Obama's energy, environment strategies to be 'mixed bag'

As Barack H. Obama was sworn in Jan. 20 as the 44th US president, his administration announced an energy and environment program with provisions directly affecting the oil and gas industry in several areas.

Nick Snow
Washington Editor

WASHINGTON, DC, Jan. 20 -- As Barack H. Obama was sworn in Jan. 20 as the 44th US president, his administration announced an energy and environment program with provisions directly affecting the oil and gas industry in several areas.

The strategy aims to save more oil than the US imports from Venezuela and the Middle East combined within 10 years by promoting "the responsible domestic production" of oil and gas, according to information posted on the White House web site. It also embraces a "use it or lose it" approach to existing leases.

Proposals to reduce US oil imports also include enacting higher fuel economy standards, putting 1 million plug-in hybrid cars on the road by 2015, creating a $7,000 tax credit for purchasing advanced fuel vehicles and establishing a national low-carbon fuel standard.

Under what is called the Obama-Biden Comprehensive New Energy for America plan, the White House also includes prioritized construction of a natural gas pipeline from Alaska as part of a program to create 5 million "green" jobs by investing $150 billion over the next 10 years.

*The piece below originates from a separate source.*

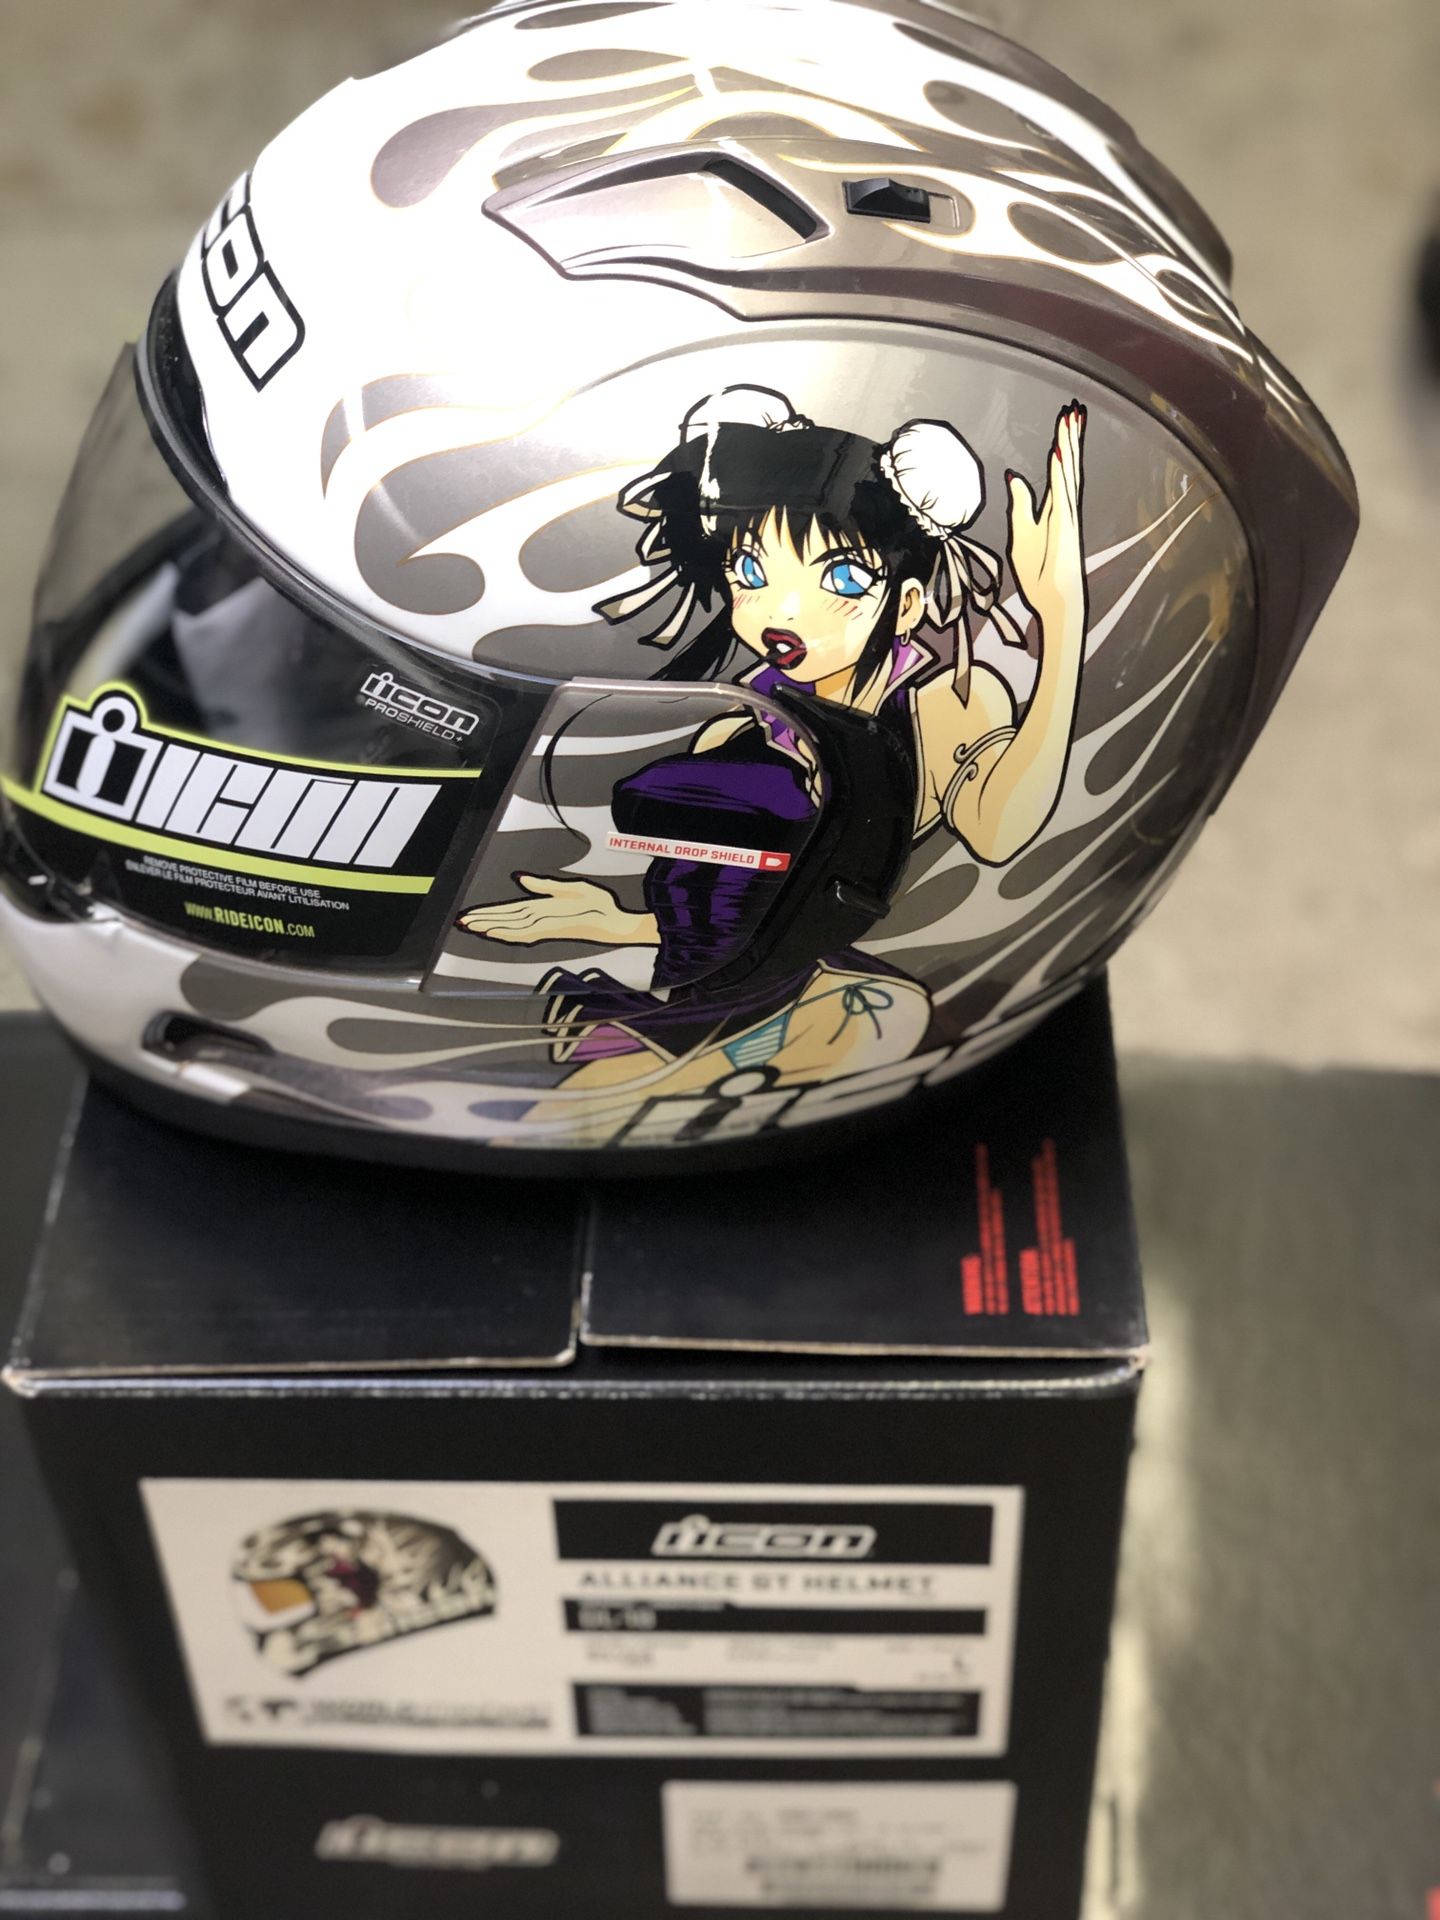 Brand new icon motorcycle helmet

The jobs creation portion also proposes clean coal technology development and deployment; greater energy efficiency, including weatherization of 1 million homes annually, and ensuring that 10% of the nation's electricity come from renewable sources by 2012 and 25% by 2025.

In an effort to provide short-term relief to consumers, the plan calls for swapping oil from the Strategic Petroleum Reserve to cut prices and cracking down on excessive energy speculation. Democrats in Congress proposed both actions as oil prices approached $150/bbl and retail gasoline prices broke the $4/gal barrier early last summer.

Obama's inaugural address included references to excessive financial speculation, which several federal lawmakers believe played a greater part in 2008's record-high oil prices than supply and demand. "This crisis has reminded us that without a watchful eye, the market can spin out of control," the president said.

Finally, the incoming administration's energy and environmental strategy calls for implementation of an economy-wide cap-and-trade program to reduce greenhouse gas emissions by 80% by 2050. It also pledges to make the US a global leader in addressing climate change.